Monday, October 19, 2015

38. Branded to Kill: The fuck did I just watch?

Confession: Last time when I said that I was "very, very excited" to watch Branded to Kill, it was because it's a 1960's Japanese film, and the Criterion Collection has yet to do me wrong with their Japanese cinema selections. Unlike French cinema, where I've watched probably as many duds as classics, Japan really has yet to do me wrong. Therefore, as ignorant as it may seem, I went in assuming that I would dig this film based solely on its country of origin. Surprise surprise, turns out I was right to be excited.

The best thing a film can do is completely catch me off guard and show me something that I wasn't expecting, especially in a genre film. For instance, something like Hausu is sold as a haunted house story, but when you watch it your senses are completely bombarded with over-the-top visual and stimuli that it's difficult to define it as a horror film. A friend compared it to a feature-length TV ad, and that seems like a great comparison to me. With Branded to Kill, I popped this in expecting a standard yakuza story, with maybe some badass machismo bullshit, slick killers with cool shades, and visuals that I'll probably recognized as being stolen wholesale by Quentin Tarantino. What I wasn't expecting was a bonkers, surrealist nightmare that feels more like an episode of The Prisoner than Reservoir Dogs.

The story involves a hitman named Goro who is tasked with an impossible assassination by a femme fatale named Misako. He fails and is then hunted by Number One and his henchmen. On this simple framework director Seijun Suzuki hangs bizarre scenes of Goro hunched over a pot huffing rice because he has a fetish for it, Misako's apartment filled with dead butterflies, weird scenes of Number One locked arm in arm with Goro and having a "gentleman's agreement" over how he's going to kill him, and close up scenes of bullet wounds, fake eyeballs being popped out, and mashed insect guts. Oh, and a bunch of nudity.

There is so much in this movie that's surprising and defies description that it really must be seen for itself. The gangster aspect of the film, while important, is really just there to see how far Suzuki can deviate from it's tropes and throw something unexpected at you. At one moment you're seeing a standard contract killing, and the next you're getting animated butterflies tormenting the psyche of our hero. You'll get a standard sex scene, and then you'll see Goro sniffing rice and appearing on the verge of an orgasm. Aside from the general weirdness of this film, it's also fantastically shot, with great camerawork and fast-paced editing to keep things moving along at a clip. At a mere 98 minutes it feels much shorter than its runtime, just because there's so much stuff going on and you're hit with something unique every few minutes or so. I can't say I've seen anything quite like this before.

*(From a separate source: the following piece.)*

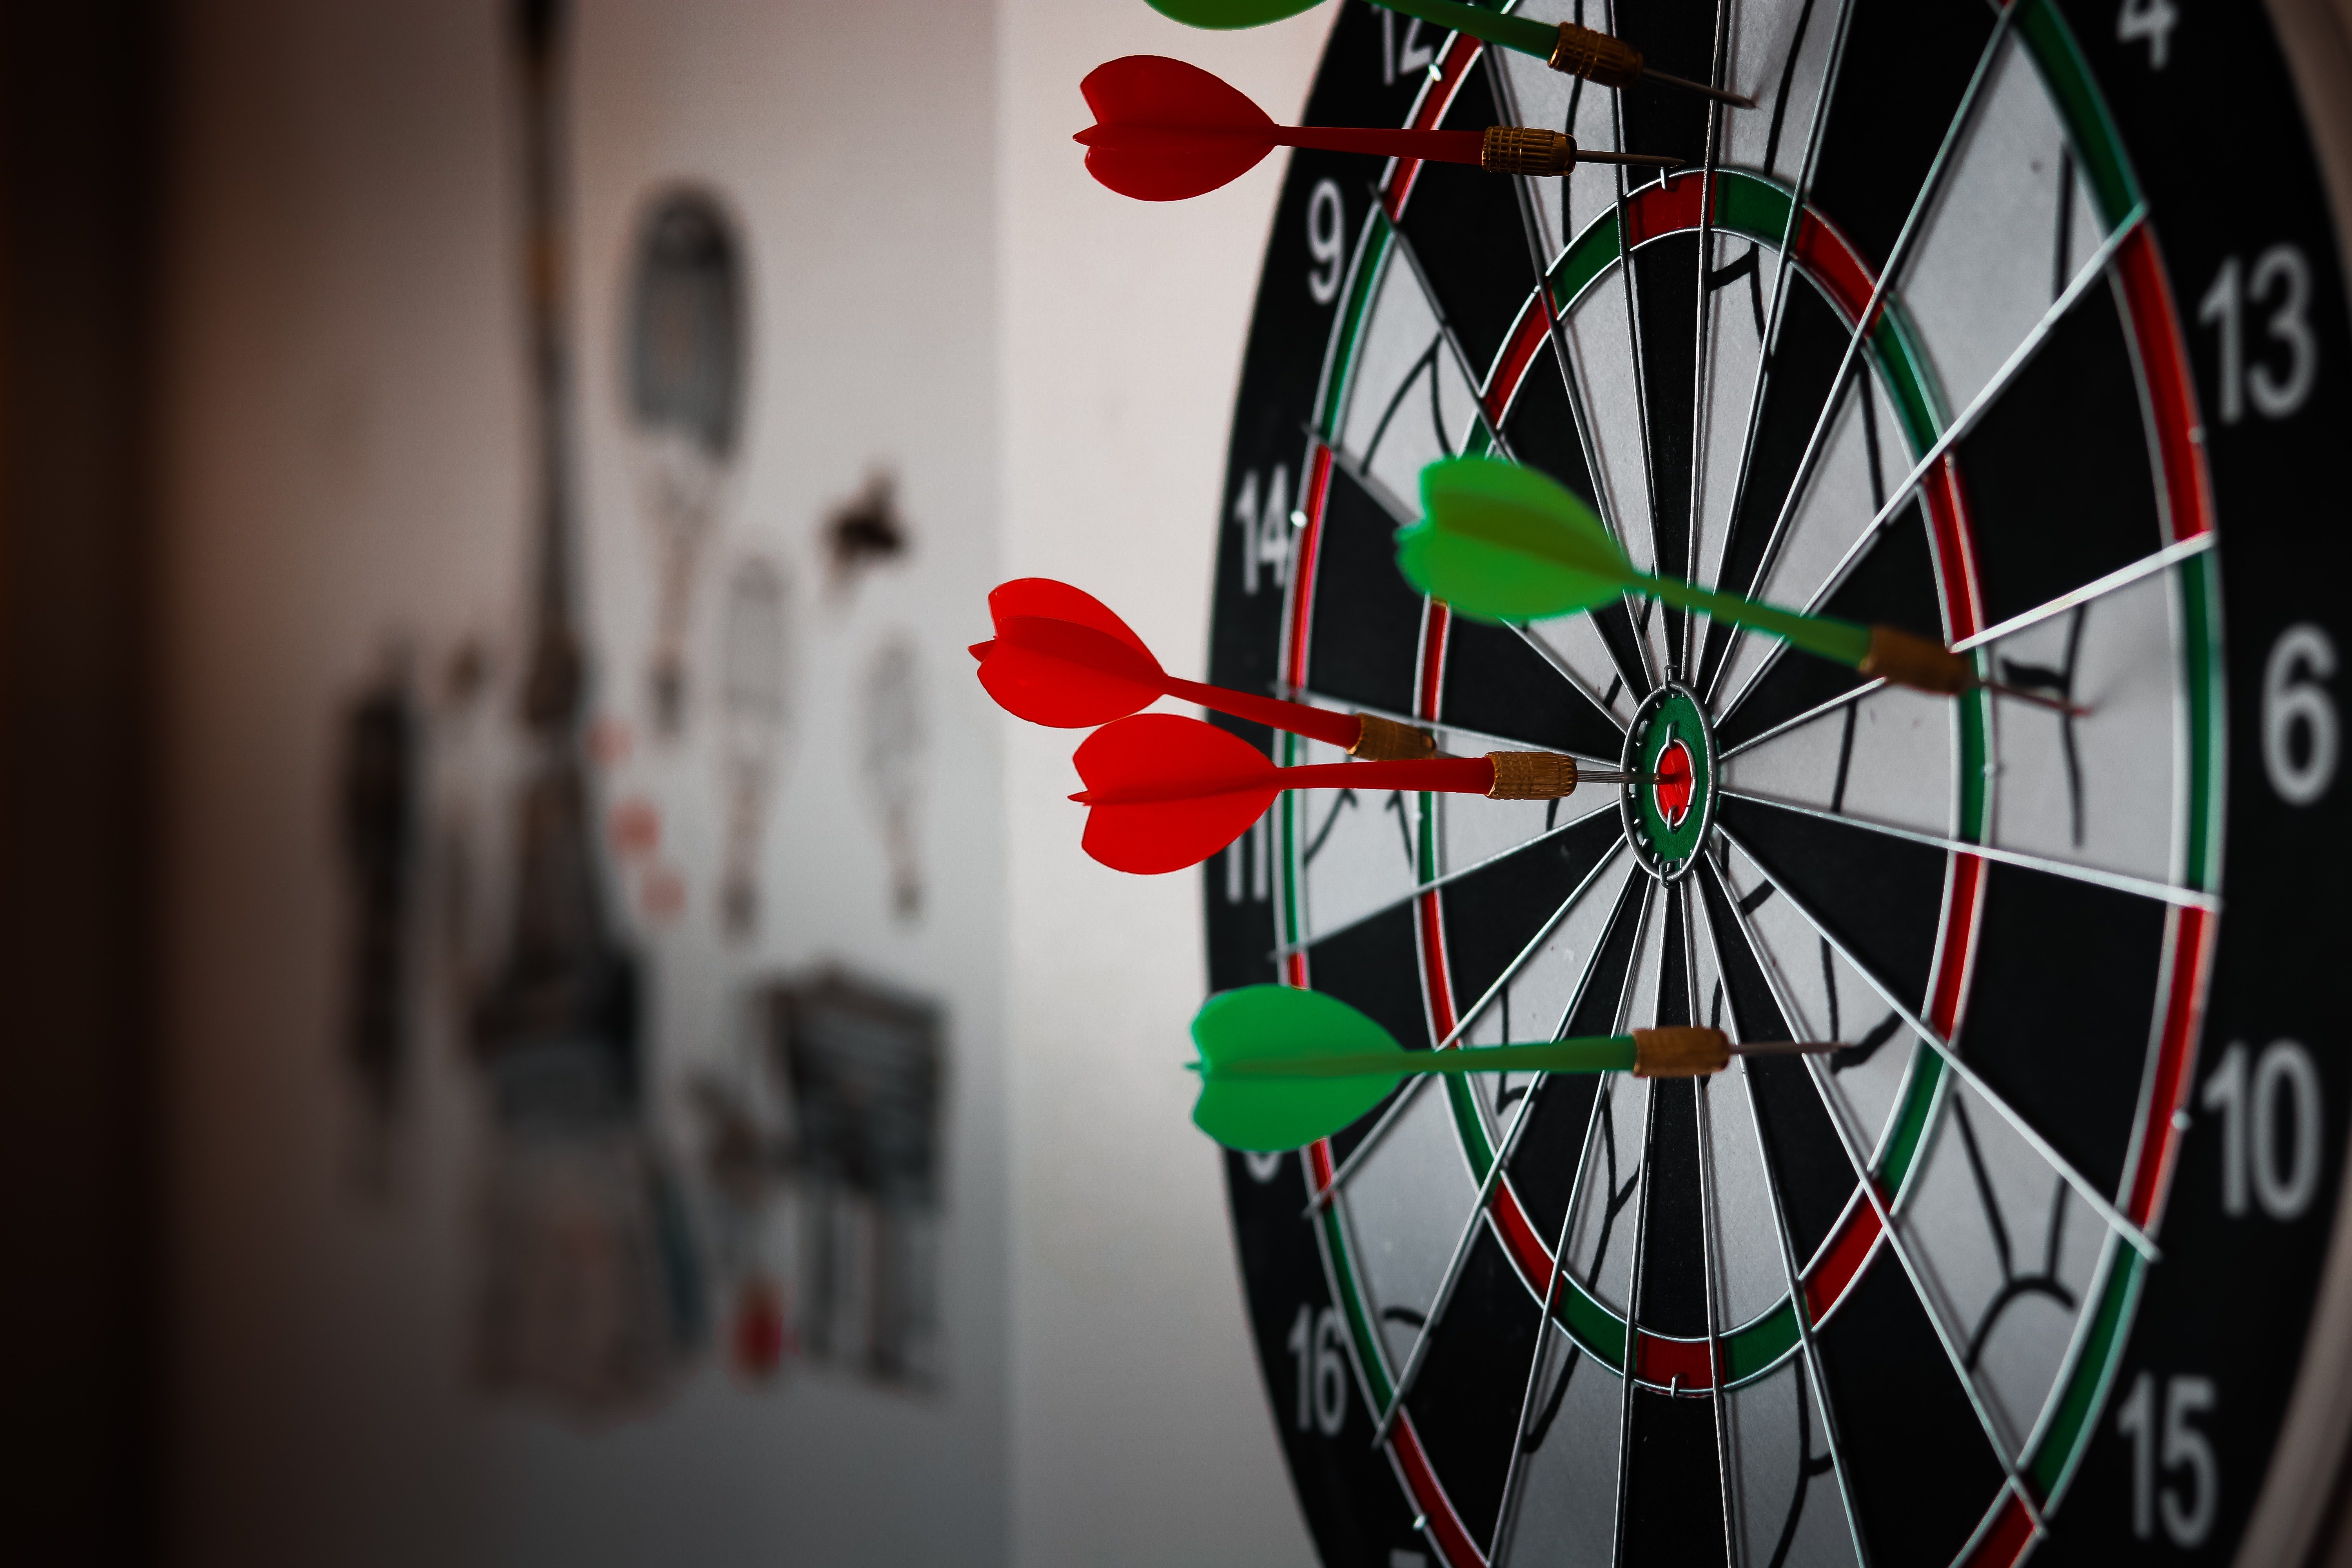 Behavioral Targeting vs. Contextual Targeting: Which Is Better?

Despite the lurid poster and raciness of the film (including one of the most blatant panty shots I've seen outside of The Breakfast Club), this is one of the best over-the-top insane films I've seen. I can only really compare it to Hausu, even though it's not nearly THAT crazy. It's more of a toned-down Hausu with gangsters and a Prisoner edge, with less screechy schoolgirls. I typically love these kinds of films, but I need to be careful with how I rank this one. Just because I love it now doesn't mean it's going to hold up to another few viewings. As I look at the list I'm finding that the border on this one is between Walkabout and Les Diaboliques. Walkabout is just a better film overall, but Les Diaboliques, despite how much I like it, never got me pumped the way this film did. Therefore, I feel good putting this at #17.